Even if other methods prove more accurate than the physiologic method in head-to-head comparisons, the difference would presumably have to be large enough to justify their additional cuff inflation. Automatic arm cuffs are already cumbersome enough to use24. Requiring a prolonged sub-diastolic PVP waveform measurement, which could approximately double the measurement time, or a supra-systolic PVP waveform measurement, which is uncomfortable to the subject, may reduce patient compliance for using the device. Conversely, a method for measuring central BP with an acceptable level of error, but without changing the traditional measurement procedure, could increase the adoption of central BP.

This study has limitations. One limitation is that the data were not homogeneous (see Table 1). For example, two office devices (Microlife and Omron) were employed. Such heterogeneity could have added variability to our results. On the other hand, any variability introduced by the use of two devices may not have been substantial (see Table 3). Another limitation pertains to the VTF method. This transfer function neither accounts for differences in the shapes of brachial PVP and BP waveforms due to viscoelastic effects29 nor is patient-specific (i.e., truly adaptive). That said, a superior transfer function method would not have made a major difference here, as the calibration error dominated. Adaptive transfer functions, such as those proposed by some of us21,22, may offer greater value when calibration error is not a factor such as when invasive peripheral BP waveforms are available or when calibrated radial artery tonometry waveforms are converted to likewise calibrated carotid artery tonometry waveforms.

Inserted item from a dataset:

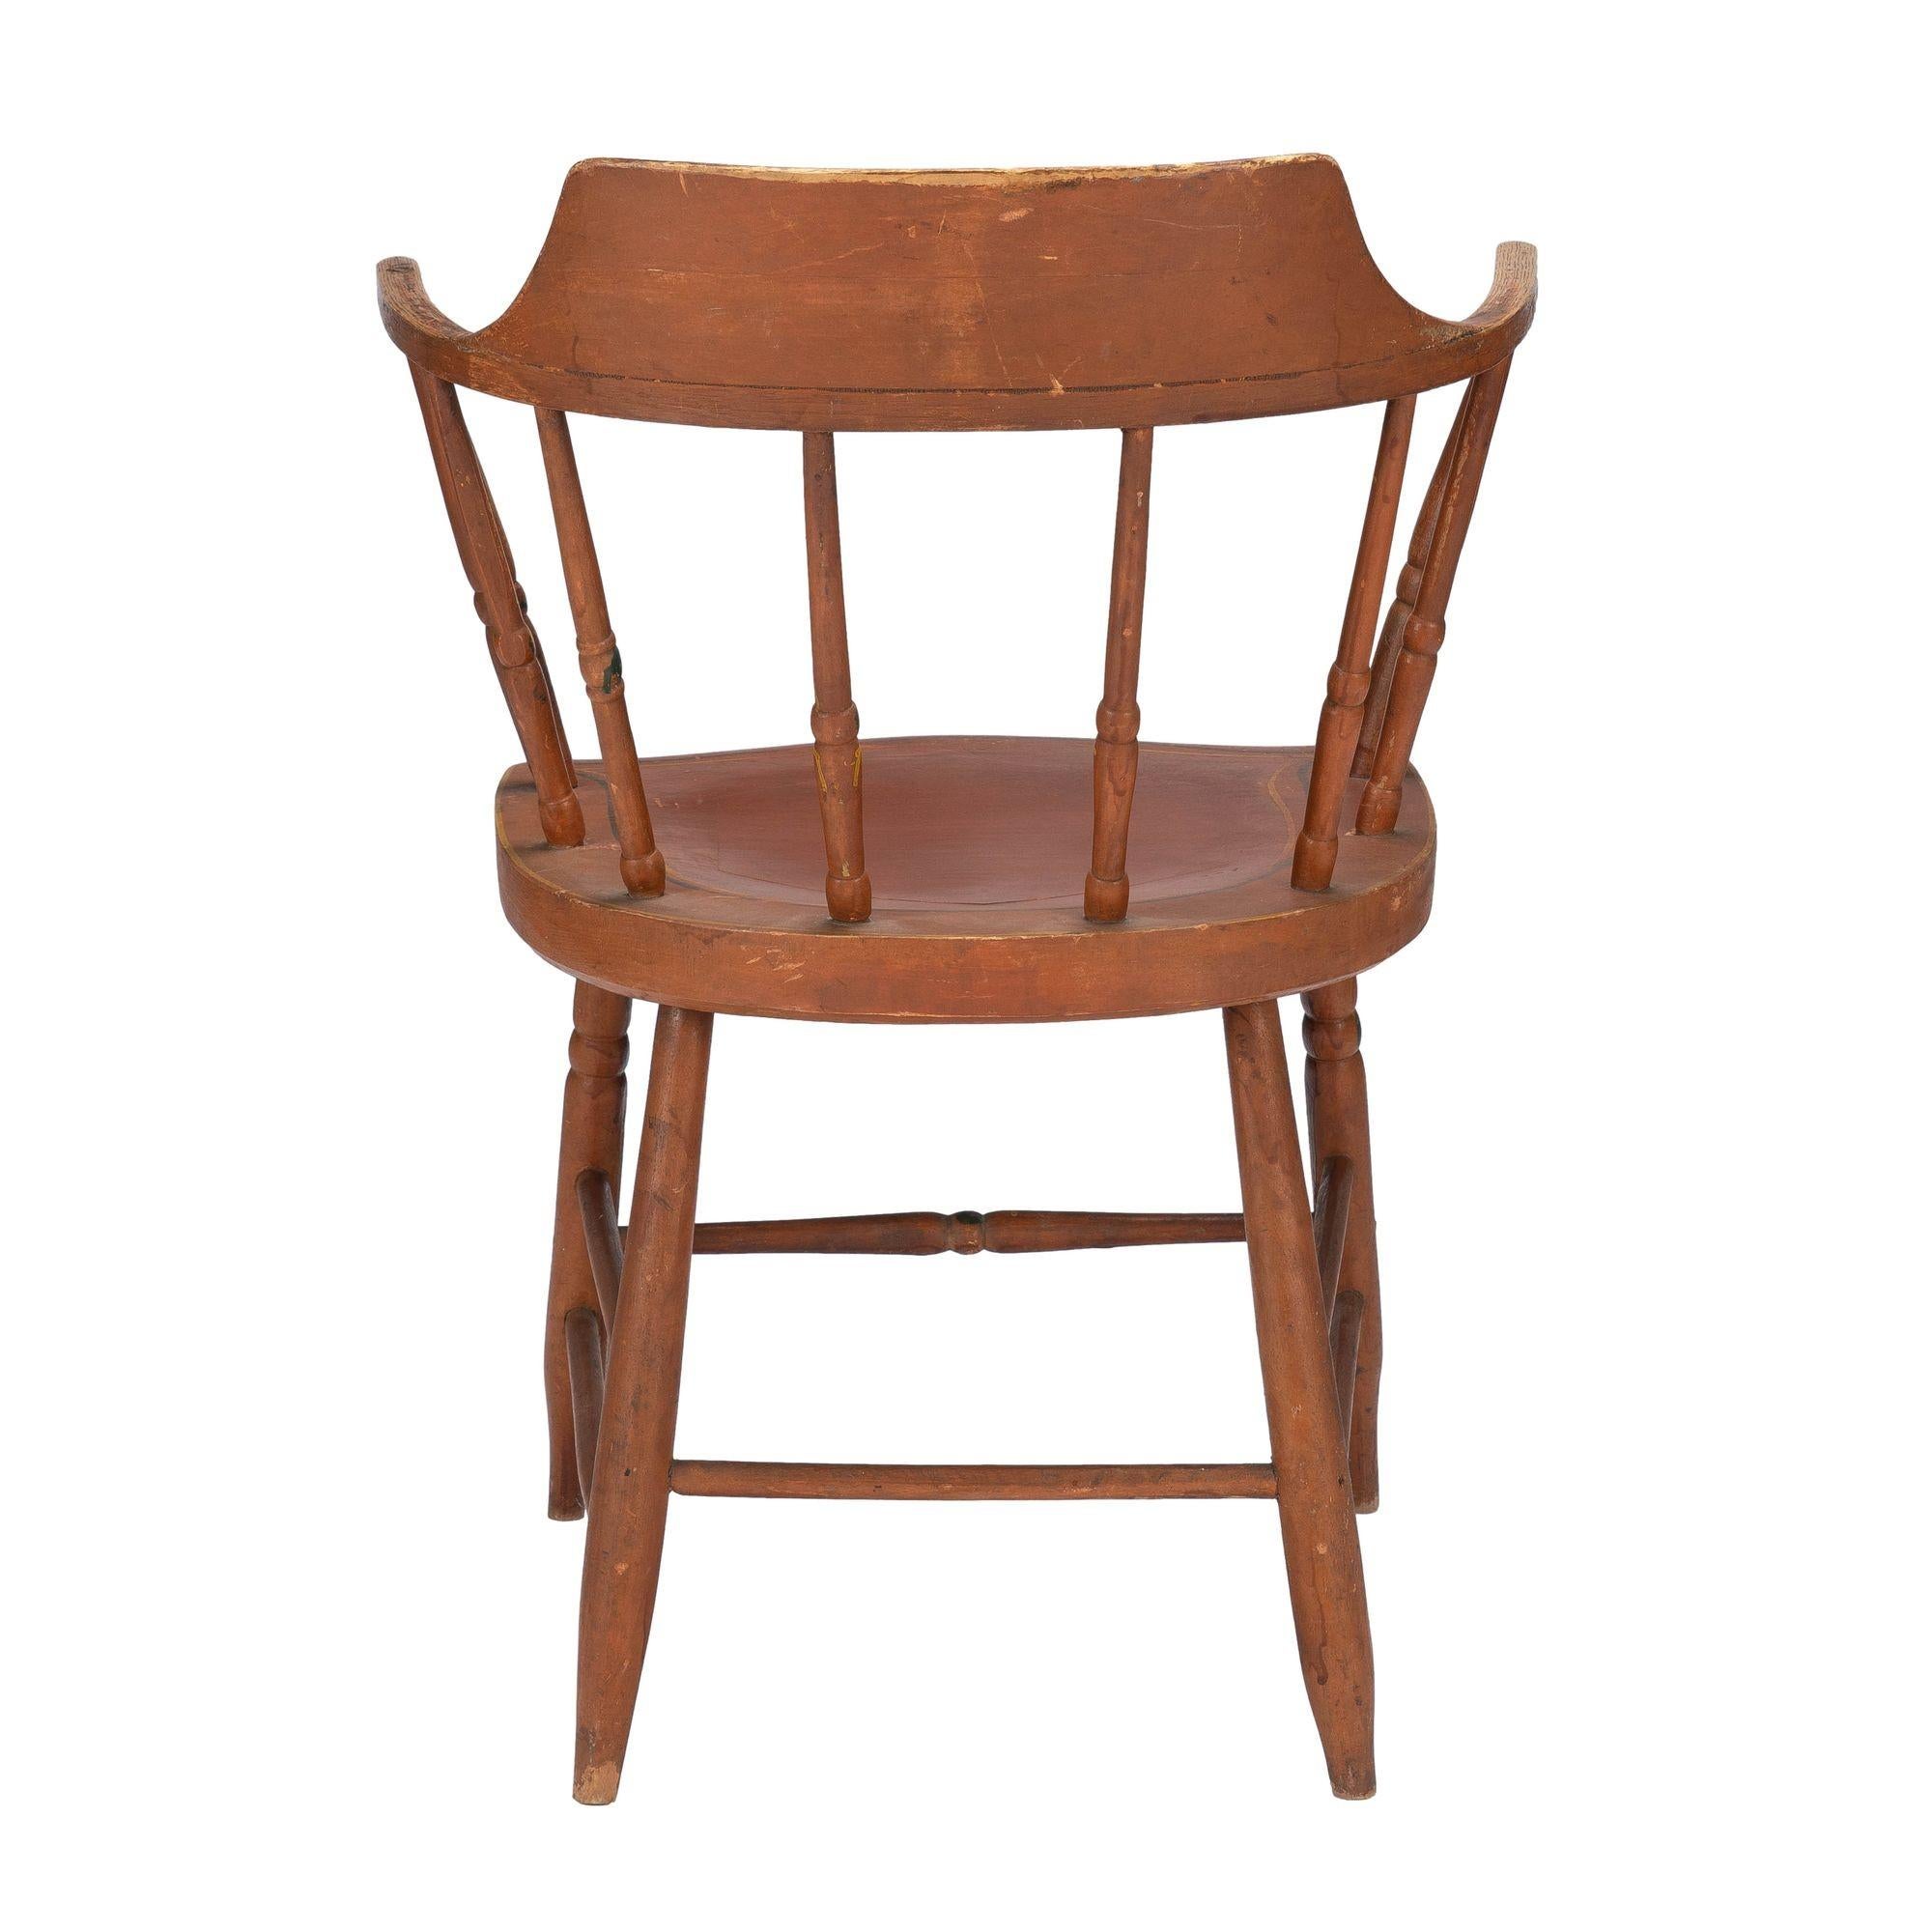 19th Century American Painted Windsor Captain's Chair, c. 1820 For Sale

In conclusion, PP and SP are amplified in the brachial artery relative to the central aorta. So, it is central BP that truly affects cardiac performance. Moreover, central BP rather than brachial BP is a major determinant of the degenerative changes that occur in aging and hypertension30. Hence, central BP could provide greater clinical value than brachial BP. While several studies have demonstrated the added value of central BP1, the extent of the difference may be considered unsatisfying. One possible explanation is that non-invasive central BP measurements suffer from substantial error due to the error introduced by the calibration step, which can be similar in magnitude to the difference between central and brachial BP levels. Another explanation is that the tonometric devices that have long been available for non-invasive central BP monitoring are not convenient enough for central BP to be studied broadly. We introduced a physiologic method to both mitigate the calibration error and obtain central BP measurements in the exact same way as traditional automatic cuff BP measurements. We showed that this method can yield central BP measurements that agree with gold standard reference measurements to a significantly greater degree than some current non-invasive devices. Future investigations may be worthwhile to confirm the accuracy of the new method, especially in a real-time device, investigate the method during improper cuff usage, and apply it broadly to determine the full clinical potential of central BP.